あの人は今・・・ トロントOB便り

○○の北側--カナダと東北地方
佐竹 陽一 日本通運株式会社 仙台航空支店
 

 

トロント日本商工会員および、とりりあむ読者の皆様ご無沙汰いたしております。日本通運の佐竹でございます。カナダトロント勤務時には公私にわたり大変お世話になりました。 改めて御礼申し上げます。

2012年から四年半のトロント勤務を終え5月の日本帰国から早くも半年が経ちました。 伊東専務理事から『あの人は今』への寄稿のご要請をいただき原稿を書き始めましたが、半年間で『あの人は誰?』になっているのかなと思いつつ筆を進めています。

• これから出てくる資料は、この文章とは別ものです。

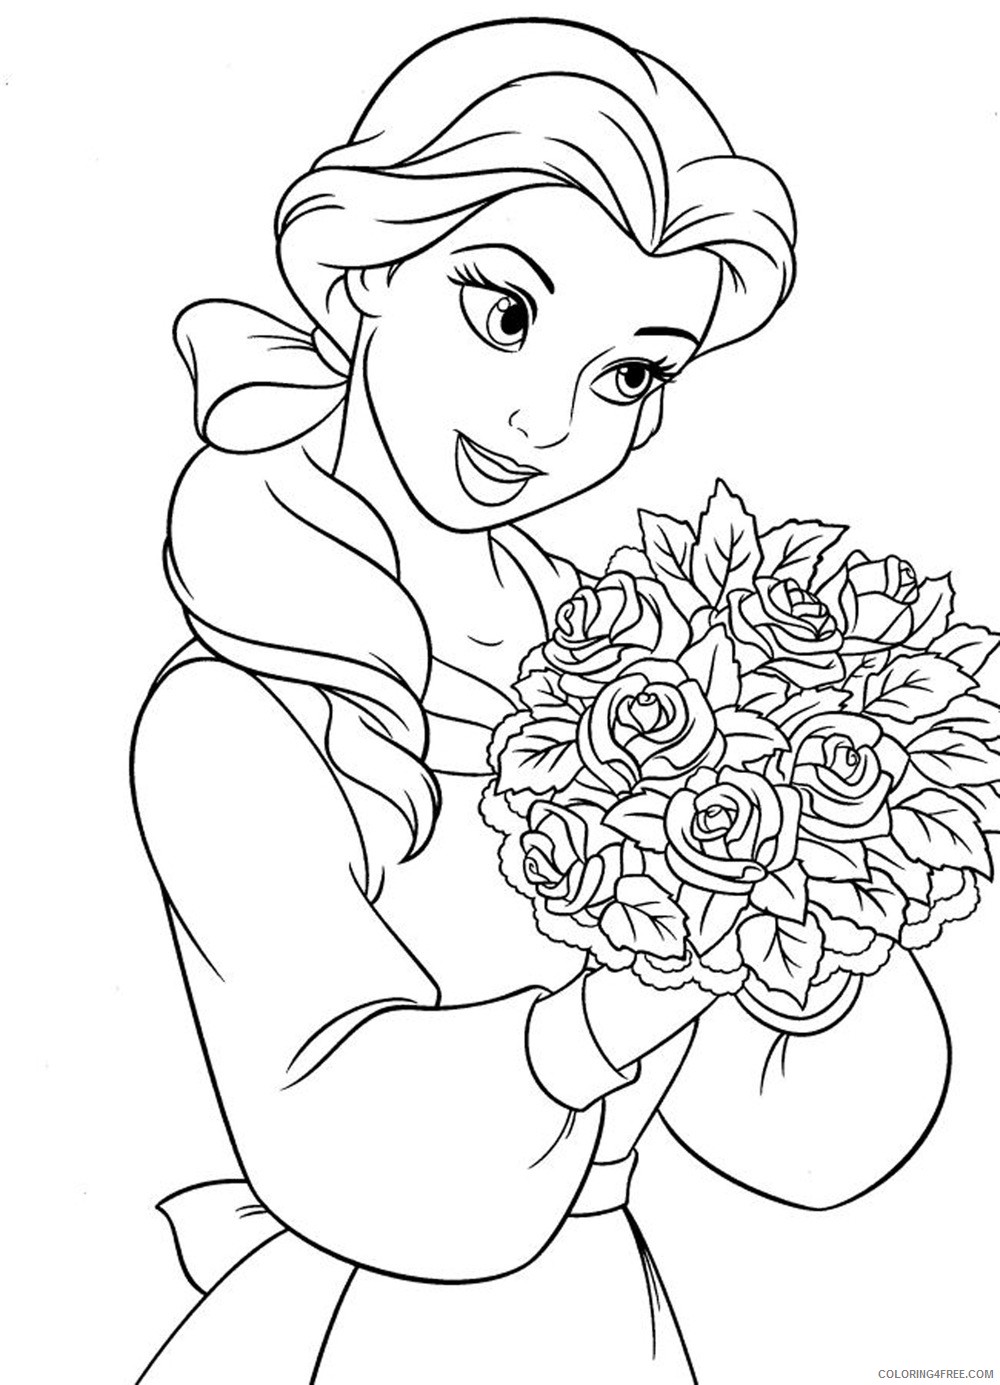 Disney Princess Coloring Pages Cartoons Disney Princess Tiana Printable 2020 2415 Coloring4free

さて、私の近況とここ東北での発見?を報告いたします。

現在、日本通運 仙台航空支店にて東北6県の航空貨物取扱支店の統括の仕事をしております。北は青森県から南は福島県までの輸出入貨物と国内航空貨物の取り扱いが守備範囲です。 

取り扱い品目は工業製品からさくらんぼやリンゴといった農産品まで様々ですが、面積の割には少ない人口、まばらな工業団地、貿易や消費の中心地の北に所在し東京や大阪の物流量とは比にならない現状があります。

気候や文化ですが、関西人の私からは新鮮なものが多々あります。まず、気候ですが、5月の帰国ということで日本の夏の酷暑を恐れていました。

幸いなことにここ仙台の今年の夏は30度にとどかない日々で非常に過ごしやすかったのですが、山形や福島は気温湿気ともに高く冬は日本海側を中心に豪雪・低温(未経験。これから)と、南の太平洋ベルト地帯にはない厳しさです。

文化については、伝統と新しいものが融合した素晴らしいものがありますが、殊イベントにおいては大きく盛り上がります。特に夏の祭り。8月の初旬にある祭りは短い夏を思う存分楽しみ弾けるものです。

今年は、仙台七夕・盛岡さんさ踊り・秋田竿灯・青森ねぶたに行きました。ねぶたでは弊社が71年間参加していることもあり、跳人(はねと)の衣装で参加“ラッセラー”の掛け声とともに大いに跳ねました。

食べ物、おいしい!米は安い食堂でもうまい。刺身や寿司は新鮮。山形や福島の果物は絶品。 日本酒は地酒も多く、呑み助には最高。(小さな居酒屋でも日本酒用の専用冷蔵庫がほぼあります。ビックリ!個人的には山形十四代と仙臺荒町森民が好き。)

あと、本州の東端ということで、大阪より日出日の入が30分早い。北の方なので夏の昼間が長い。東北地方の地図は縦長(関西・アメリカ・カナダの地図は横長)。

USの北のカナダ。関東の北の東北地方。人の性格も含めなんとなく似ています。
              
最後に、東日本大震災で多くの犠牲が出ました東北太平洋沿岸部ですが、震災から7年目になっていますが、大きな漁村だったところが未だ更地、海岸沿いでは大きな防波堤用に土盛を造る重機が休みなく動き、常磐線は未だ全通せず。これらを目の当たりにし、地震津波の大きさ怖さ、防災の重要性を直に感じています。

カナダトロントも、これから厳しく長い冬に突入ですね。商工会会員の皆様が健康で幸せなクリスマス・新年をお迎えになられることを祈念いたします。